The line between yes and no is a very thin one. It is thin in action, thought, emotion, and even, oddly enough, Attire. When we go out of an evening dressed to entice and attract, we walk a slim line. We do so, all unknowing, because those we may attract might not be the ones we want. So when we dress ourselves in ways that are overtly sexual, and deliberately provocative, we take a chance that those who see us will read our message correctly. Of course what so often happens is quite the reverse. So often, (and this is particularly true to men), such apparel reads as an invitation to sexual conduct that may not actually be desired, at least, not with that person. And as a gay man, tight jeans and tank tops are not always an invitation to more than conversation, as I have learned myself from both sides of the issue.
Yet, we still persist in going there. We consistently create images of ourselves that are upgraded, more sexualized versions of us, in order to attract a mate, whether momentary or permanent. This always comes at a cost. For who of us thinks, when we are dressing to kill, of those who might be attracted that we are not interested in? The fact is that the majority of those who will see us are not going to be into us, and many will be, who we wouldn't consider.

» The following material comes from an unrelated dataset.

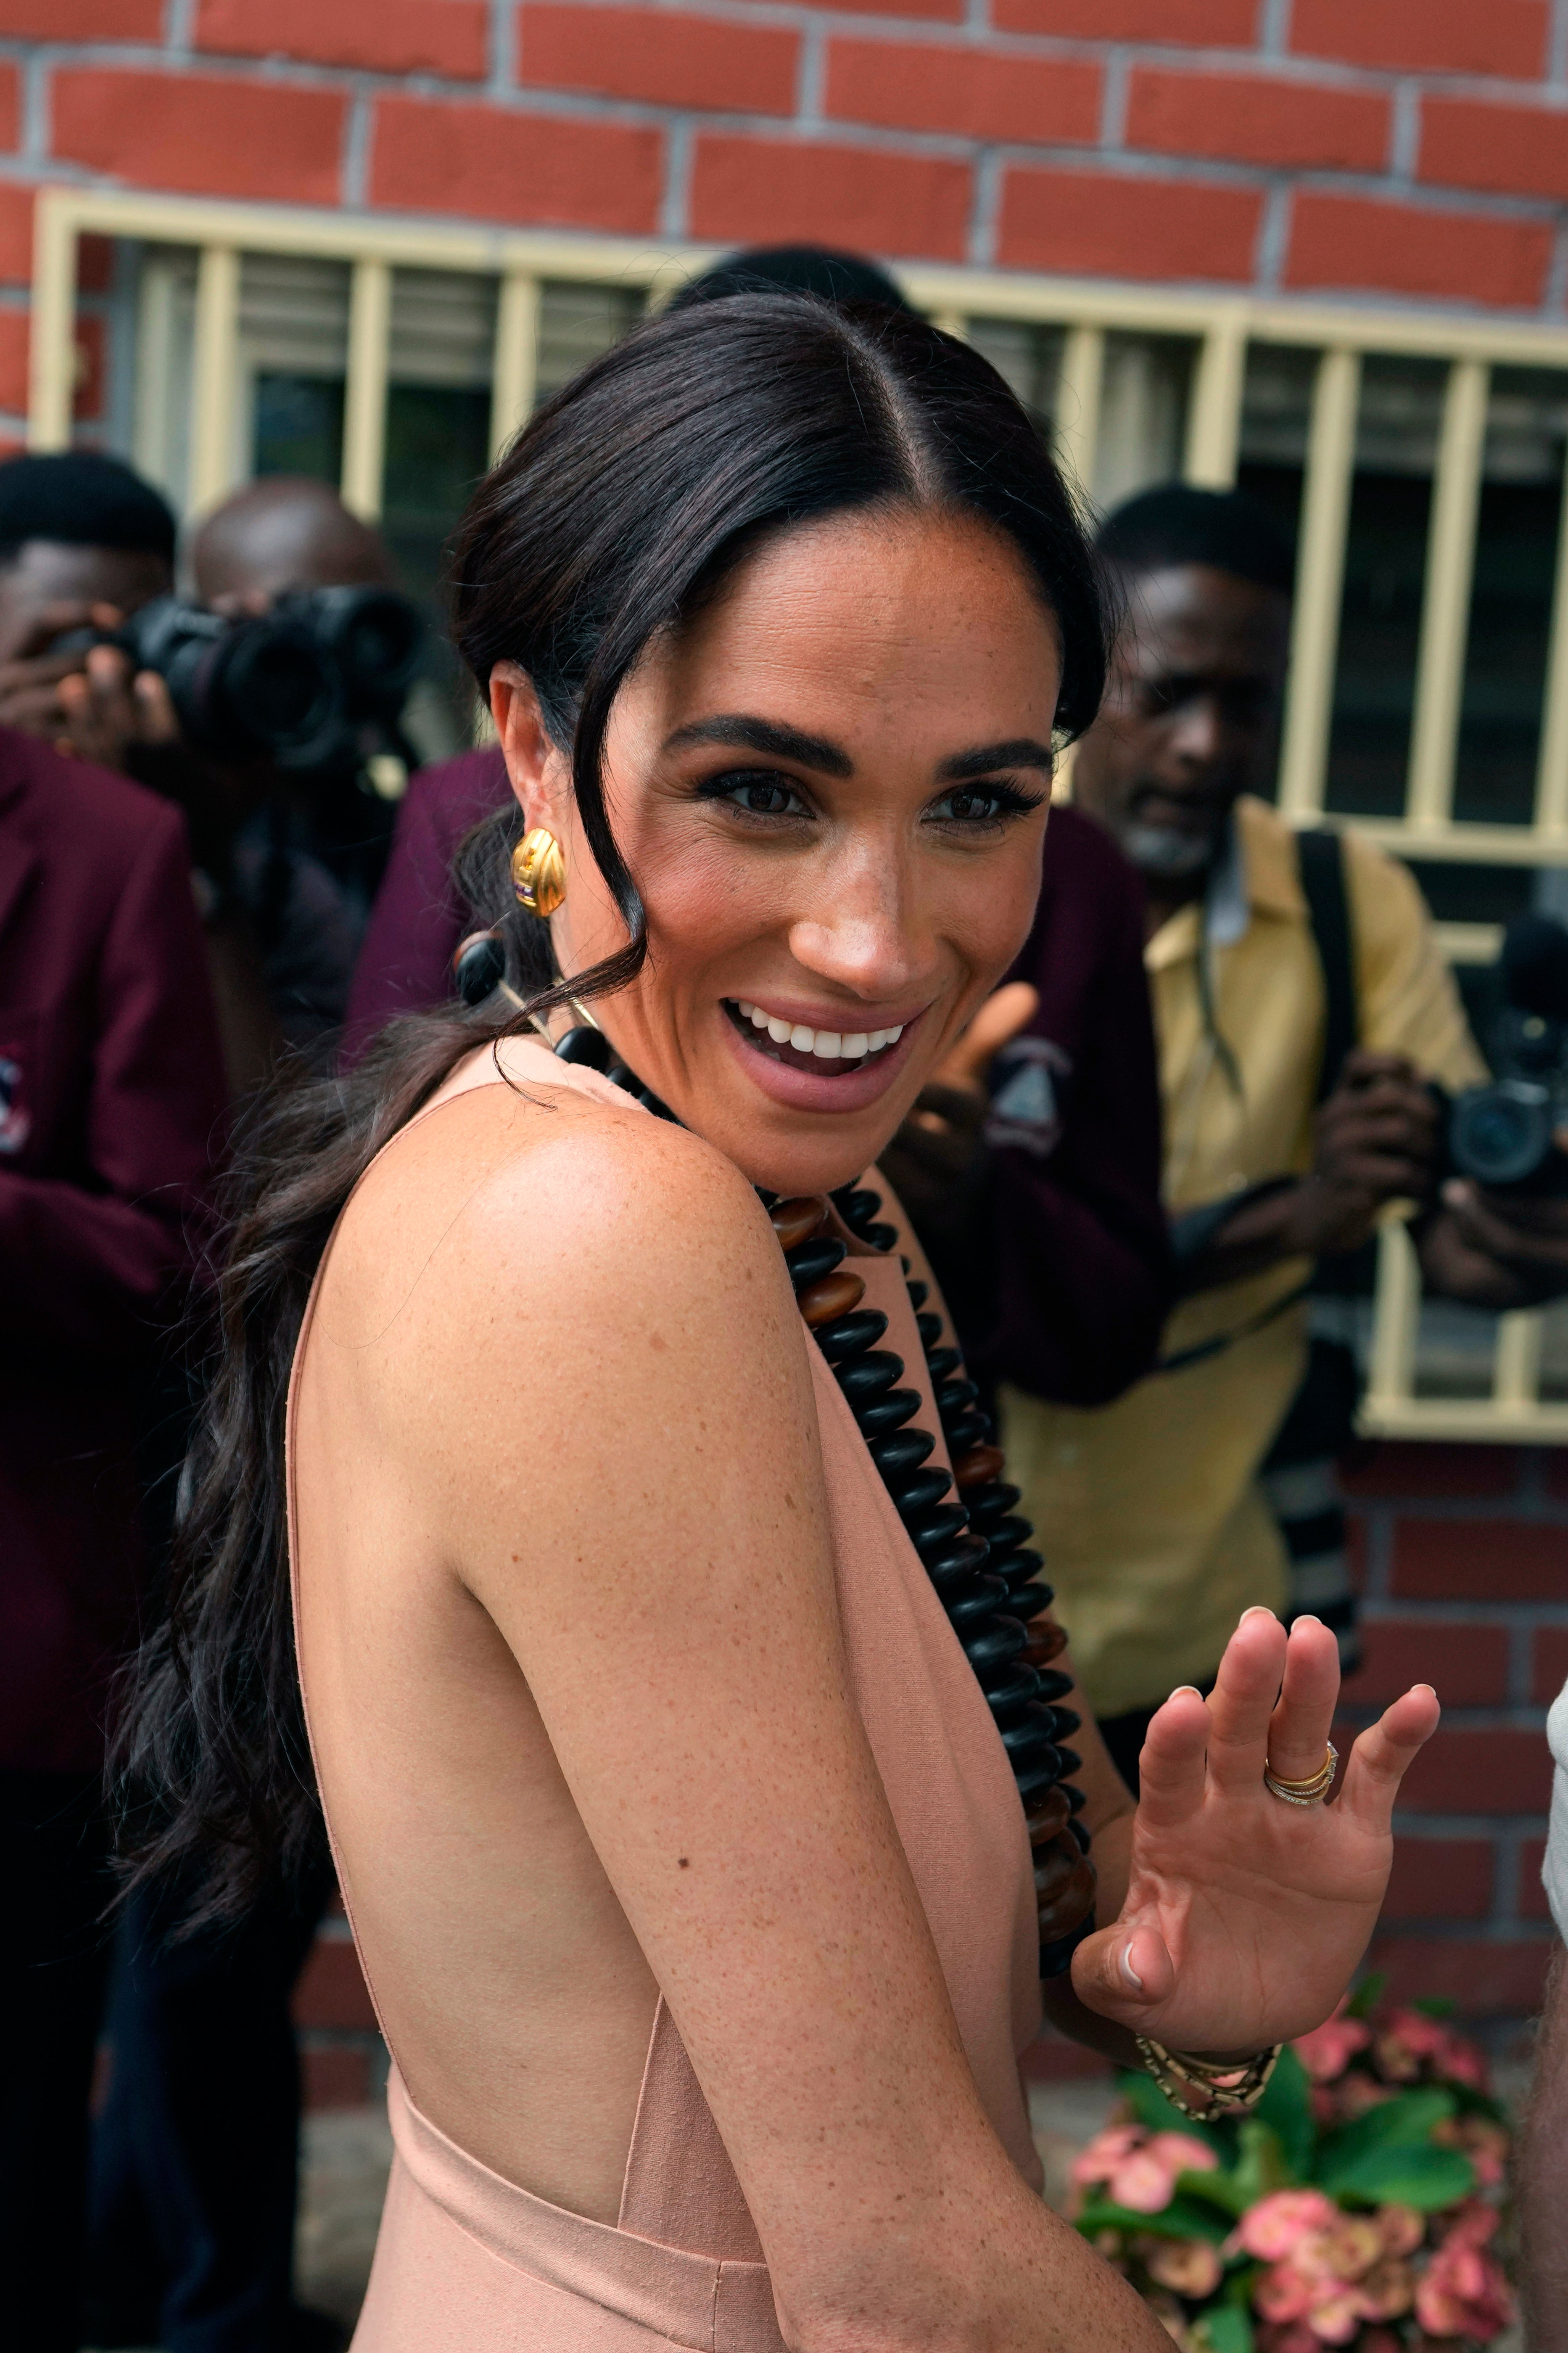 Nigeria's first lady apparently criticized Meghan Markle's 'nudity'

What this means is that the clothing we select when we go on the prowl is something double edged. Sure it makes us feel attractive and powerful. Sure, it's designed to make the people we most want to notice us, see us in a positive way. But we must be aware of the other side.
I must add here, that I in no manner whatever think that dressing provocatively, whoever we may be, gives others license to overstep, and deal inappropriately with us. The ability to check one's own behaviors is the mark of a full adult, the inability to do so, the mark of a beast, or at very least, of someone with no consideration for the feelings of others.
The ongoing fascination in the design community with cut outs, sheerness, and other body revealing tricks steps up the intensity of this whole subtle issue. When we present in a manner that decades ago would have marked us as sexually suspect, it is not to be wondered at that people respond in a sexually charged way. And as our culture deals with ever expanding freedoms with regard to sex and sexuality, these questions become even more pointed. In other words, we are evolving culturally, and as yet we have not defined new rules to adequately encompass all the changes we are experiencing. What this means is that within those gray areas, some find a ready excuse for behaving towards desired others in an unacceptable way.
Since it is true that the things we clothe ourselves with deliver messages to others, and that the received messages vary slightly from viewer to viewer, it is important to consider what we do when we leave the house to go to a club, or some other social venue. And from the other side of things, it's vital that we do not jump to unwarranted conclusions about someone's potential willingness to be sexual, based on the tightness of their pants, or the depth of their cleavage.
Just as great political freedom requires diligence to maintain it, greater freedom of behavior and dress requires diligence, and observation, to insure we do not substantively harm others in some way.